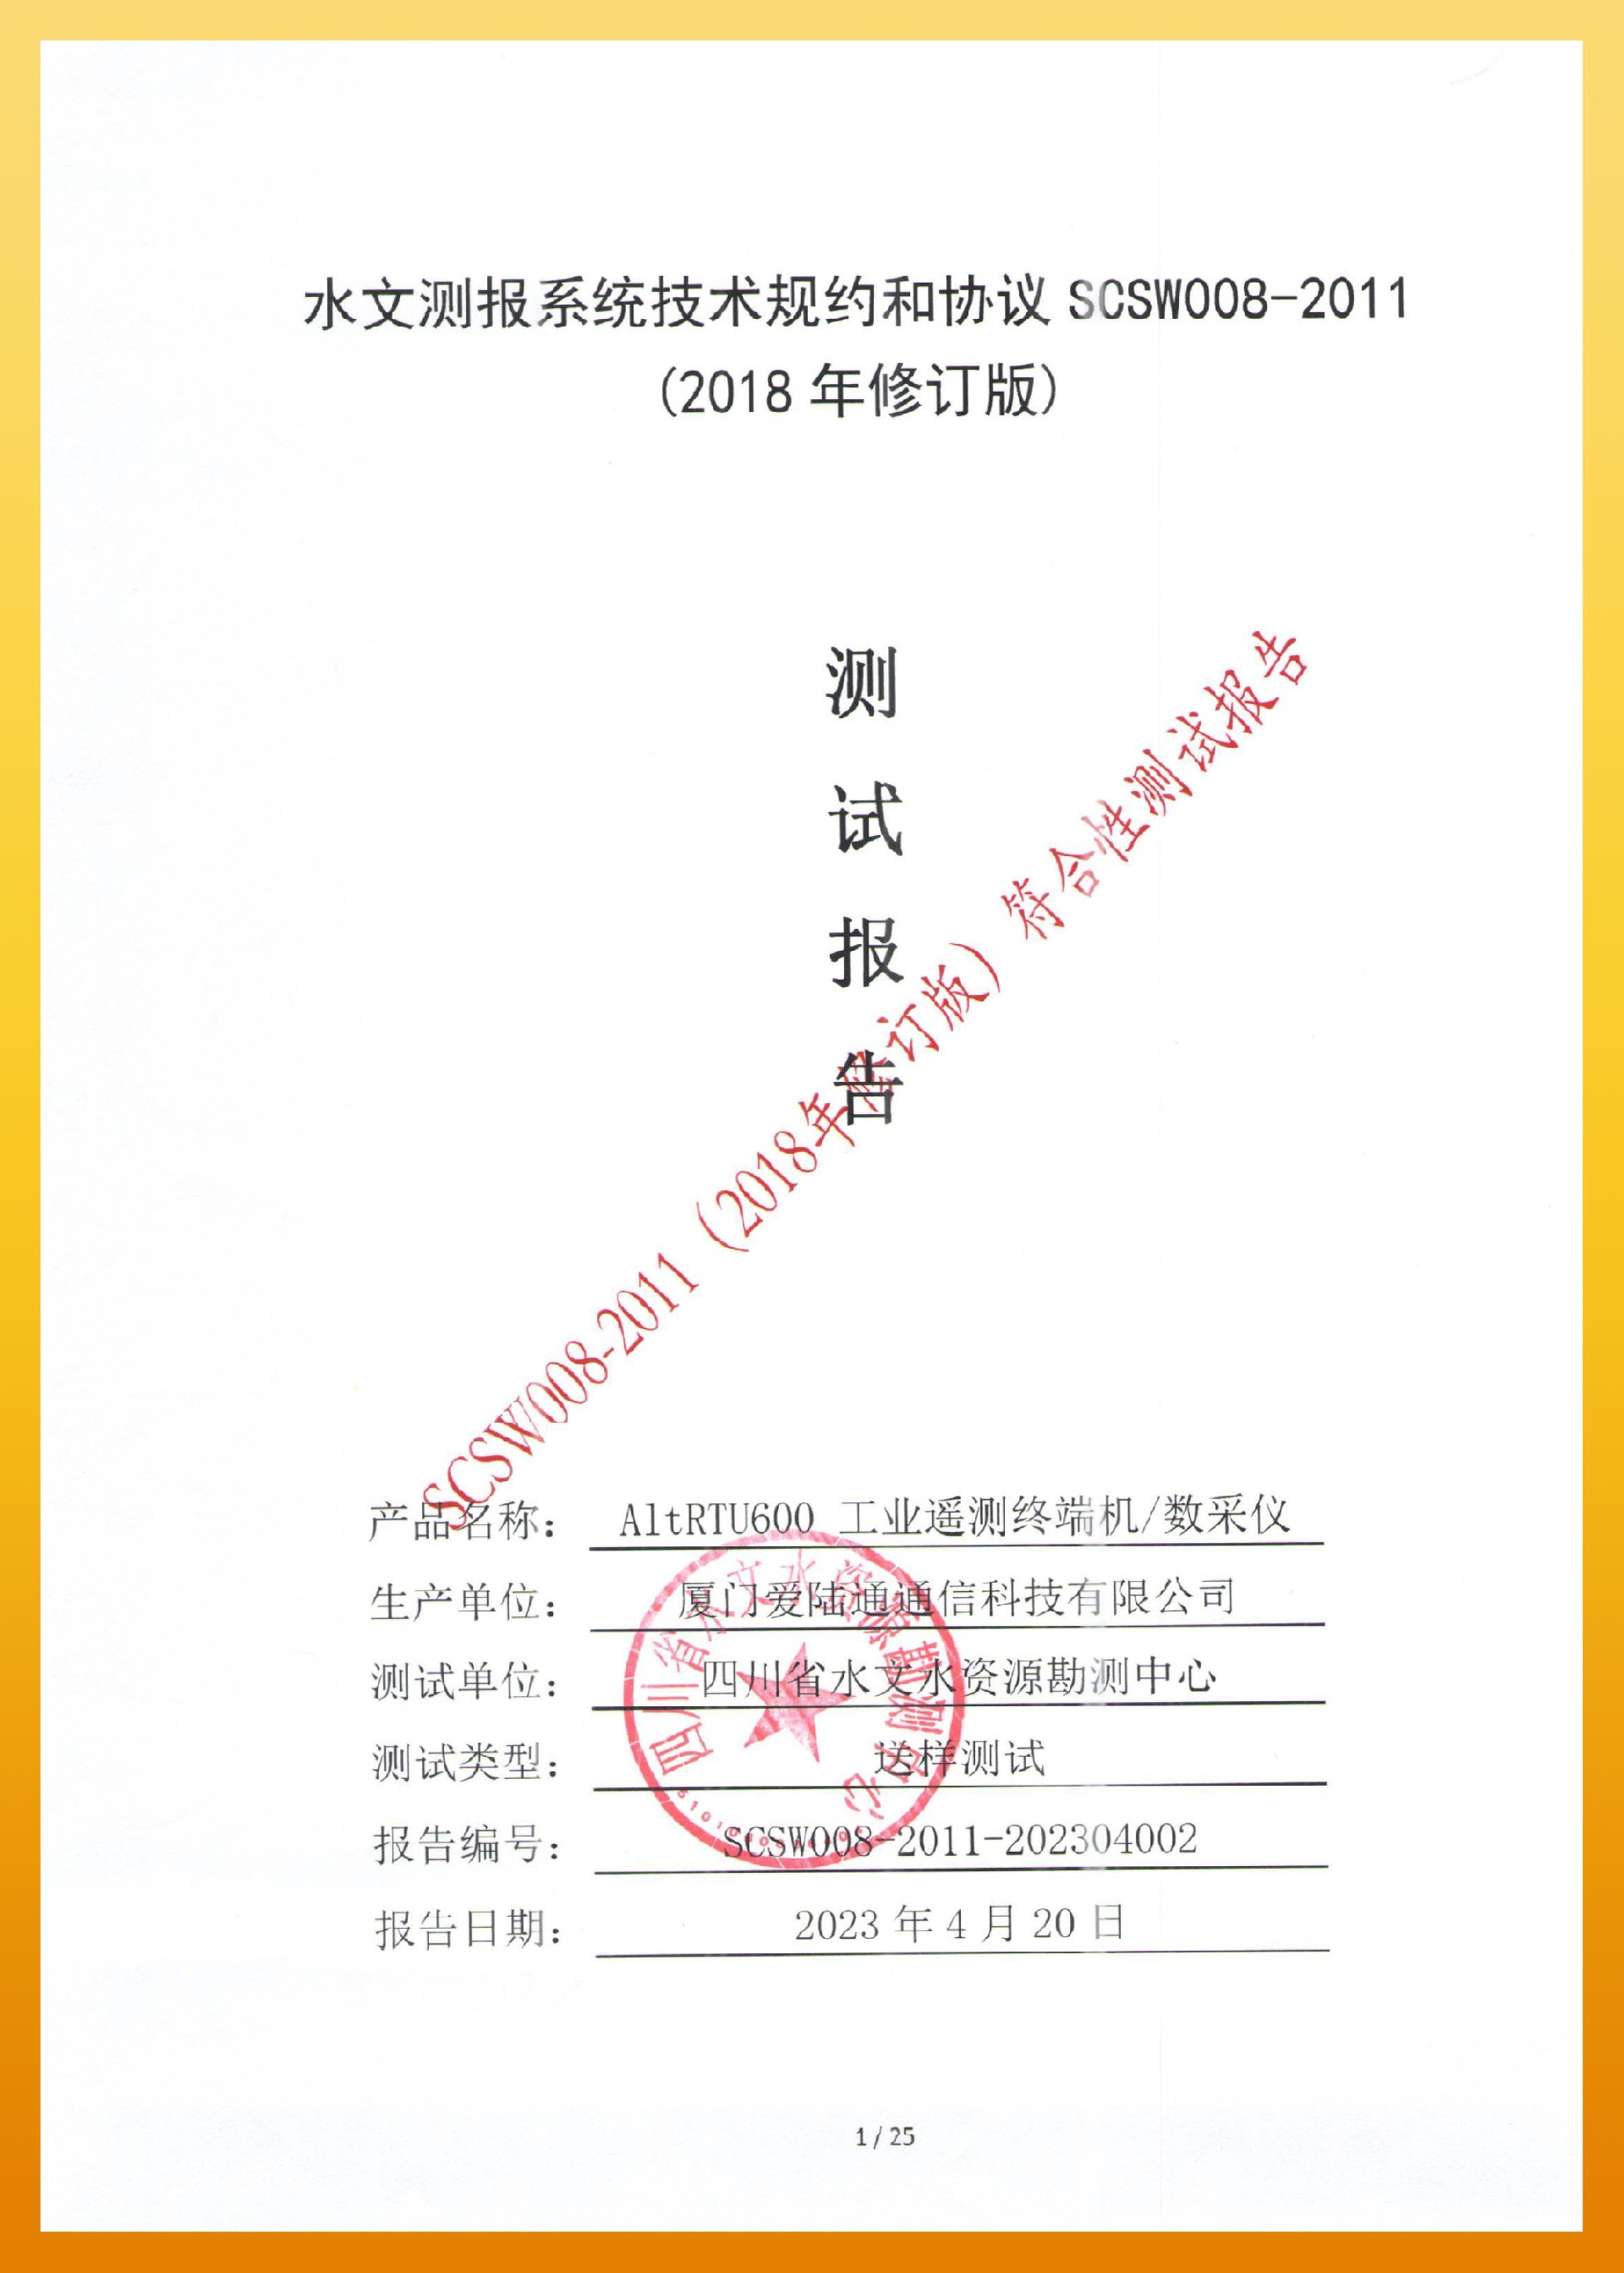 pc28官方-四川水文测报系统技术规约和协议 SCSW008-2011-1.jpg
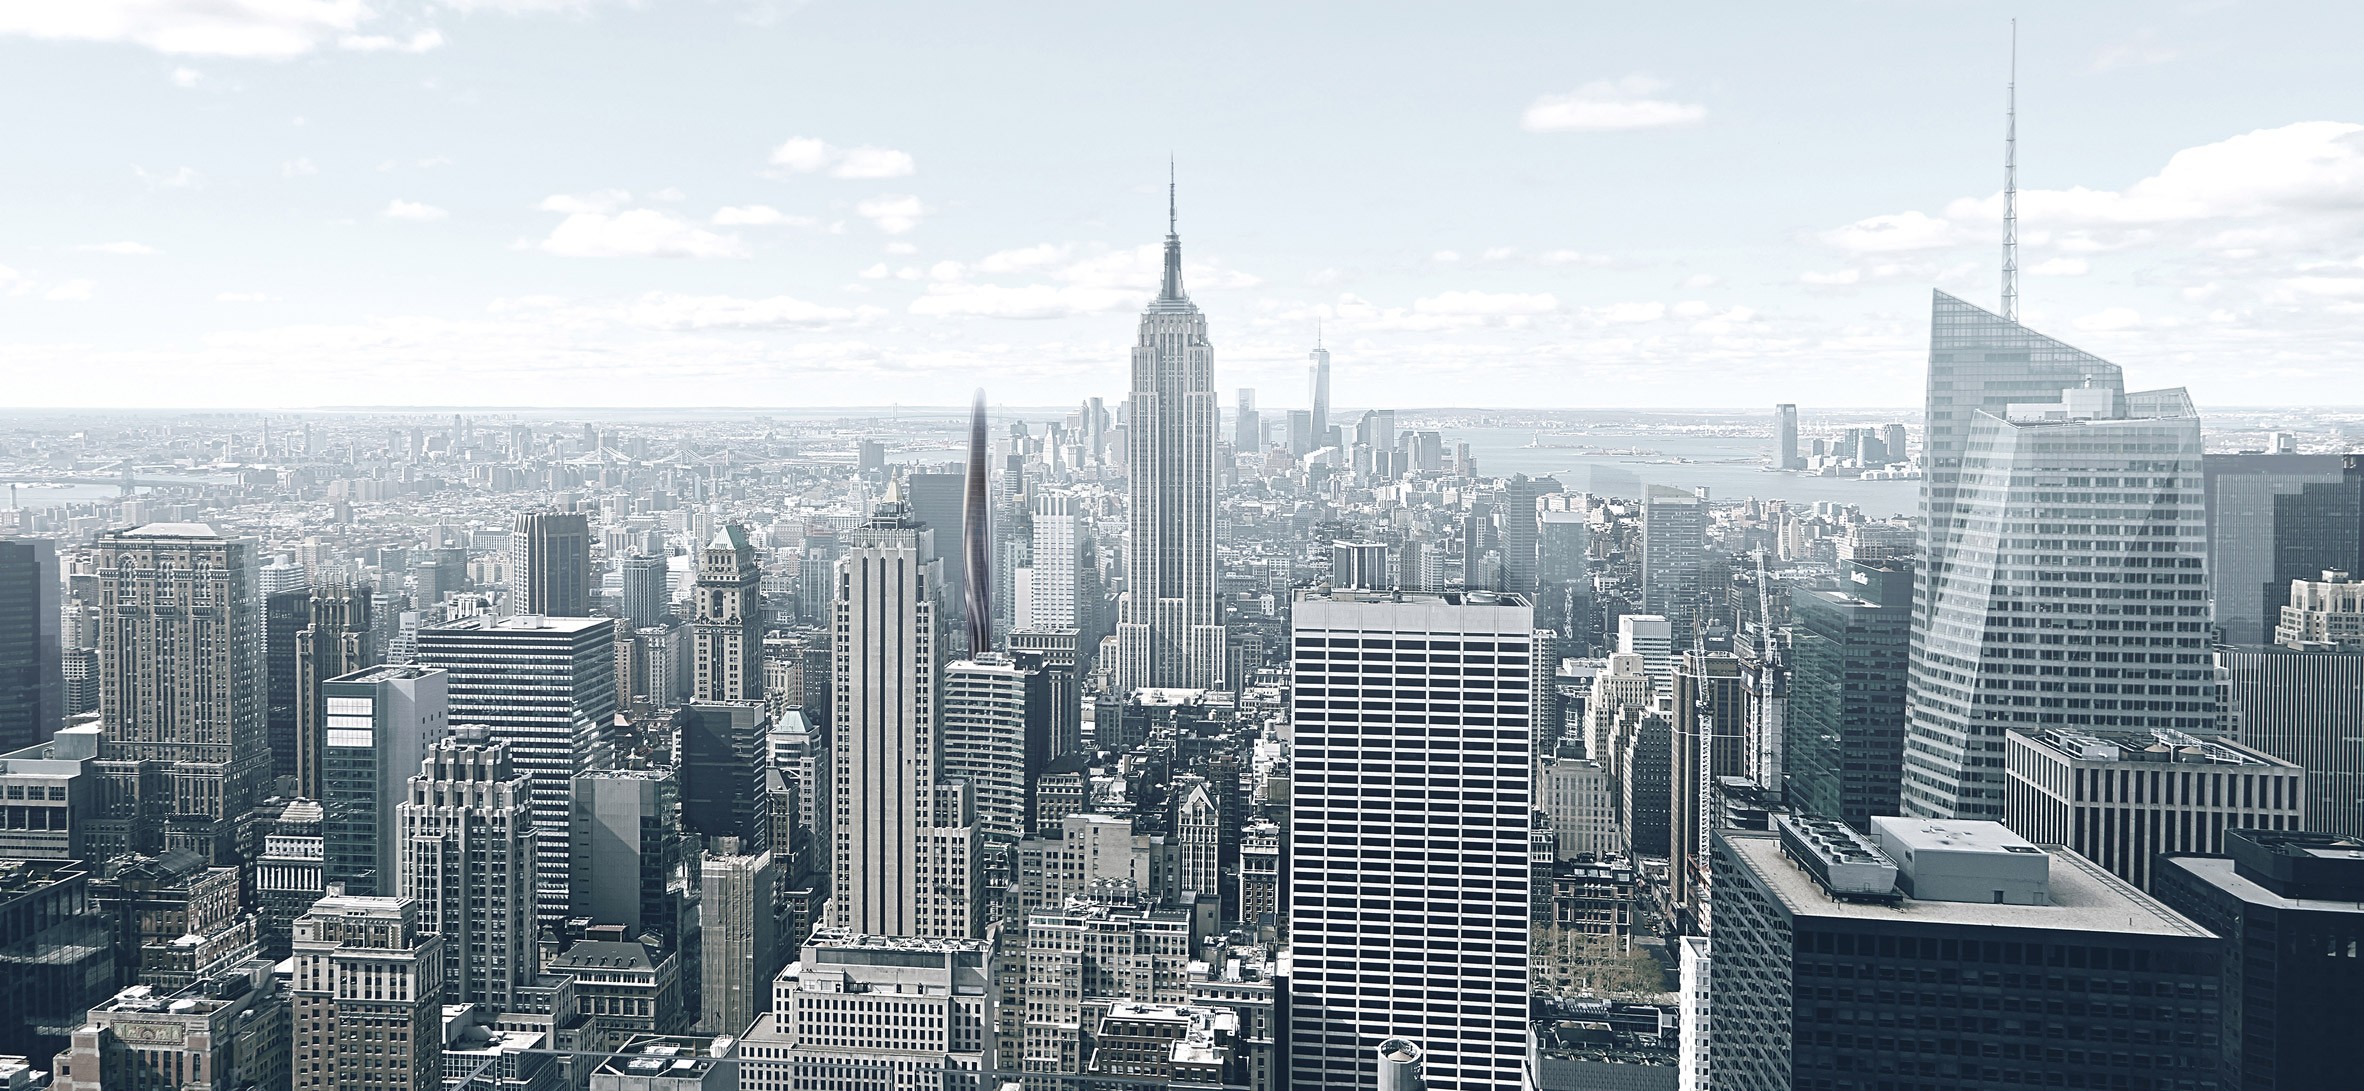 Arranha-céu orgânico promete suavizar paisagem em Nova York (Foto: Divulgação)
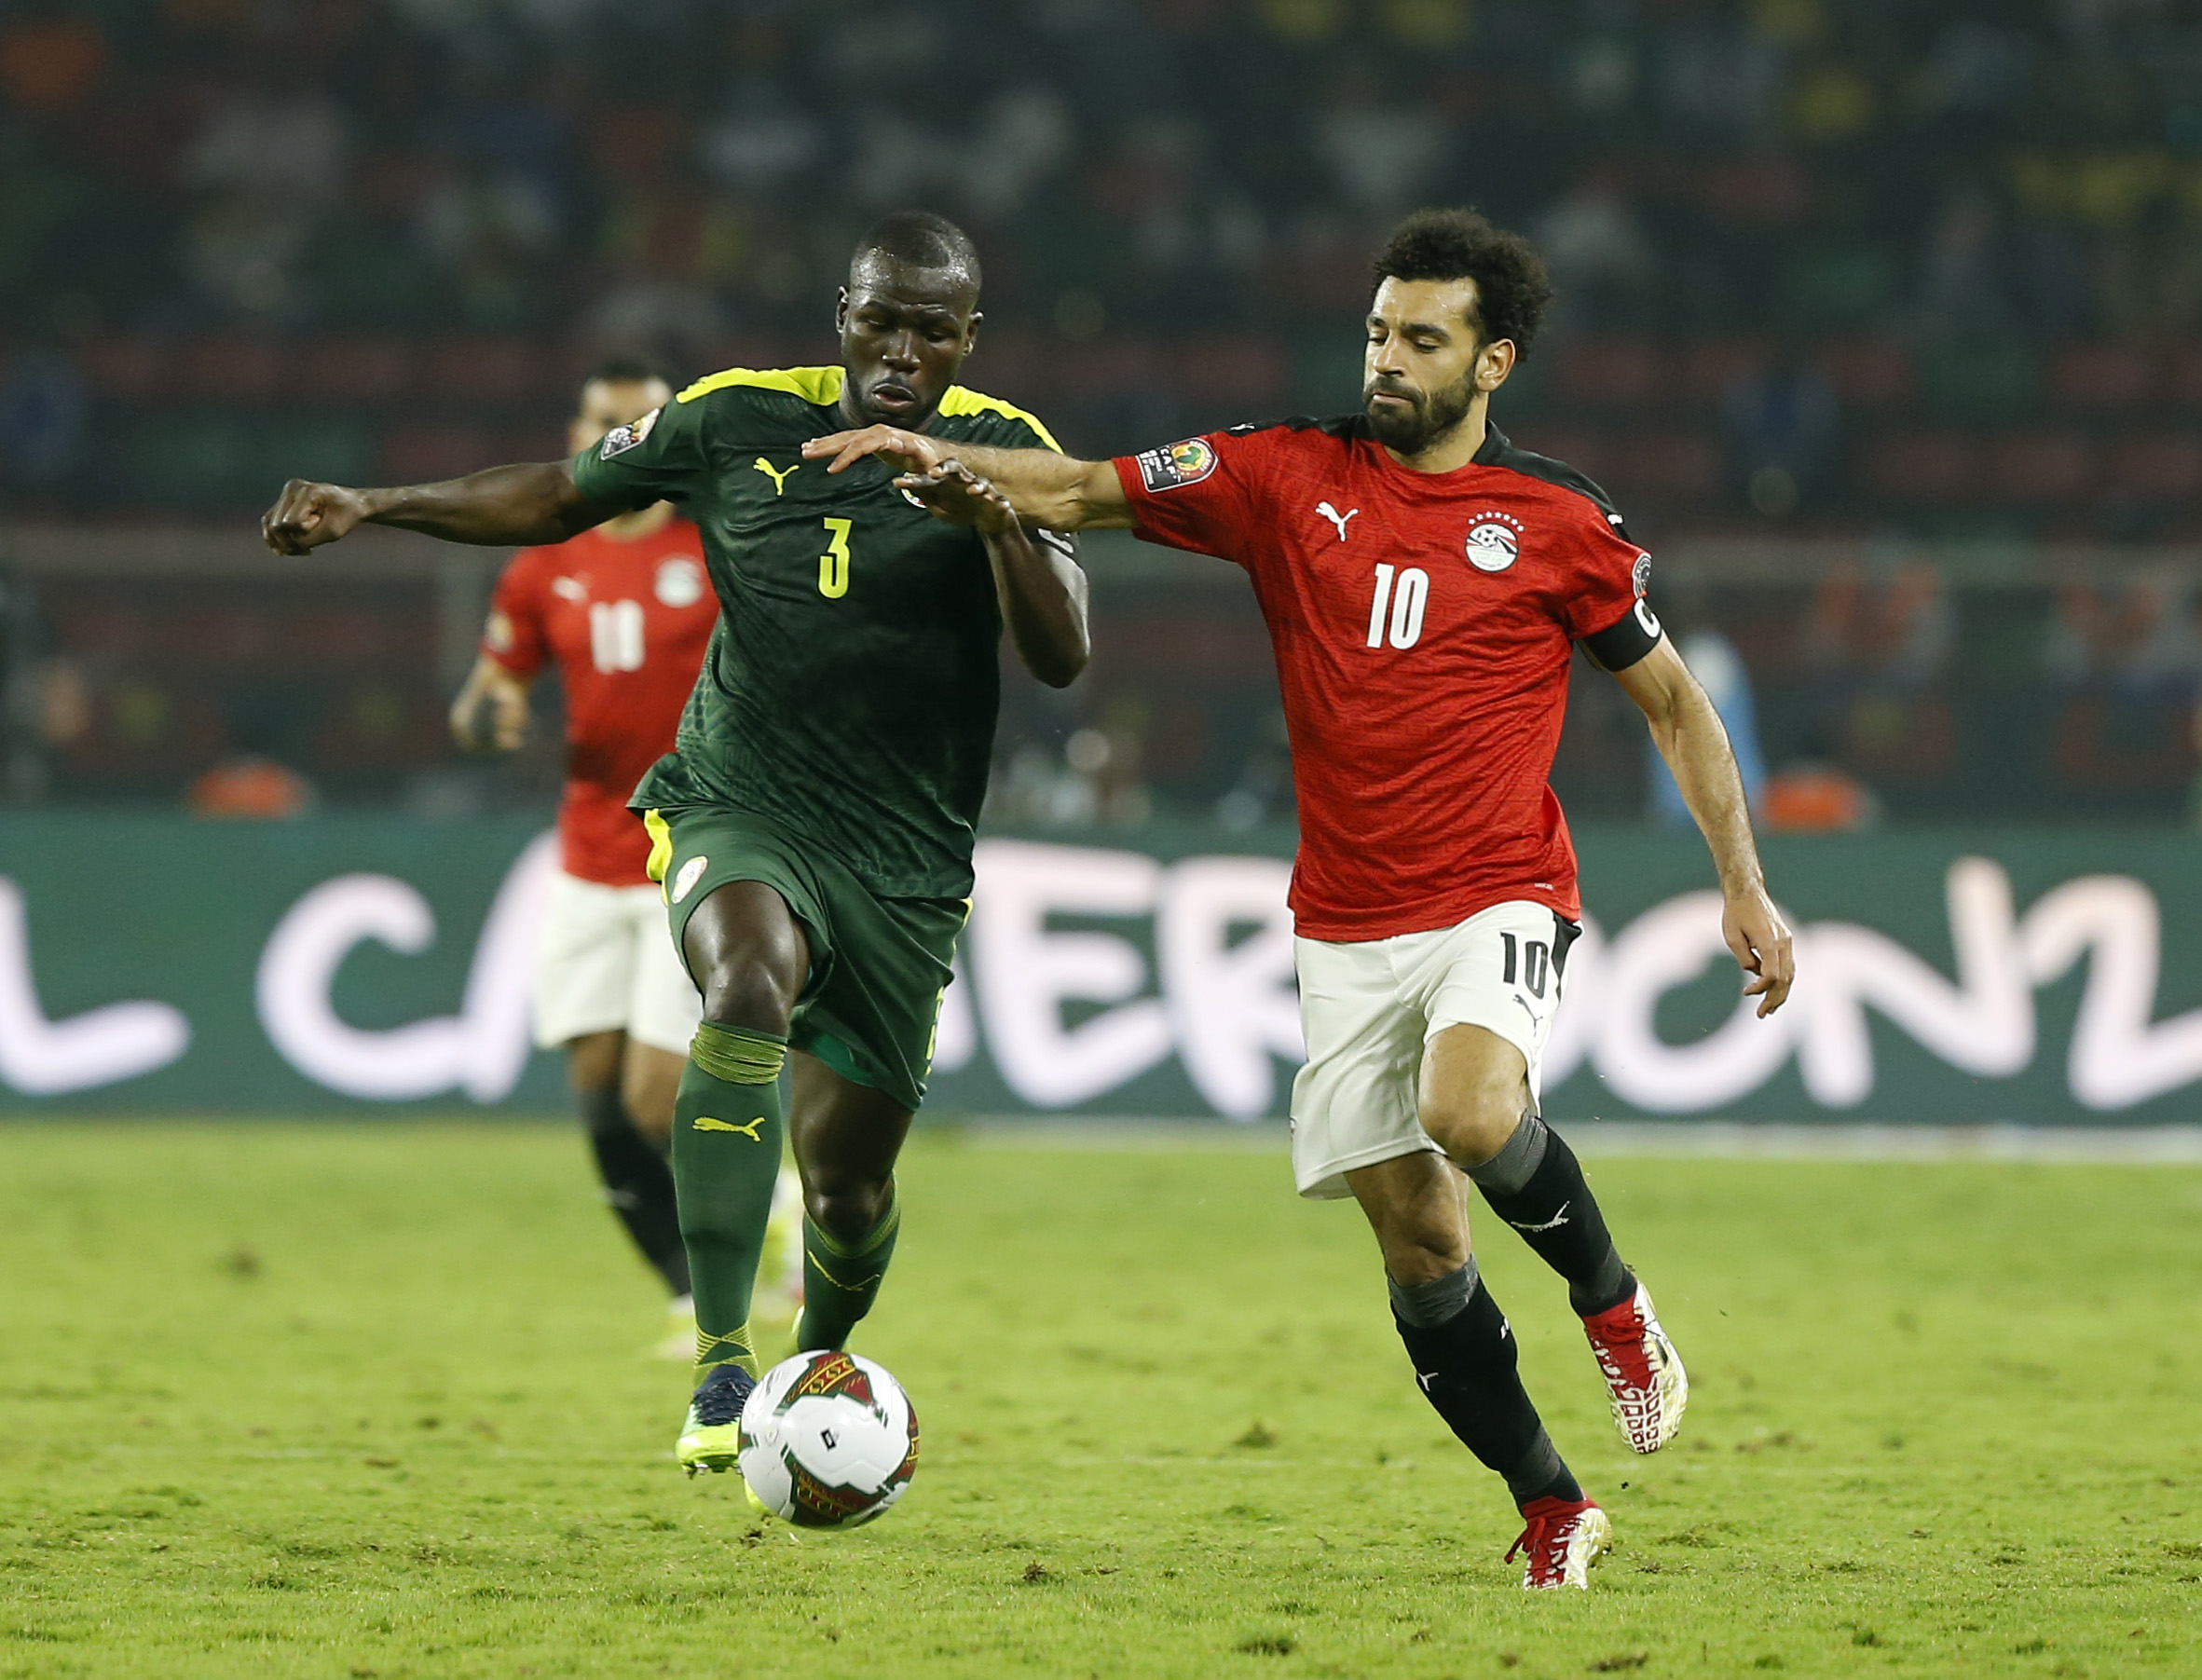 Egipto vs Senegal EN VIVO: Salah vs Mane

○ ○ ○ ○ ○

Repeat the material above word for word, please, apart from its images.

▶ _Exercise result_
 pc28官方-四川水文测报系统技术规约和协议 SCSW008-2011-1.jpg
 Arranha-céu orgânico promete suavizar paisagem em Nova York (Foto: Divulgação)
 Egipto vs Senegal EN VIVO: Salah vs Mane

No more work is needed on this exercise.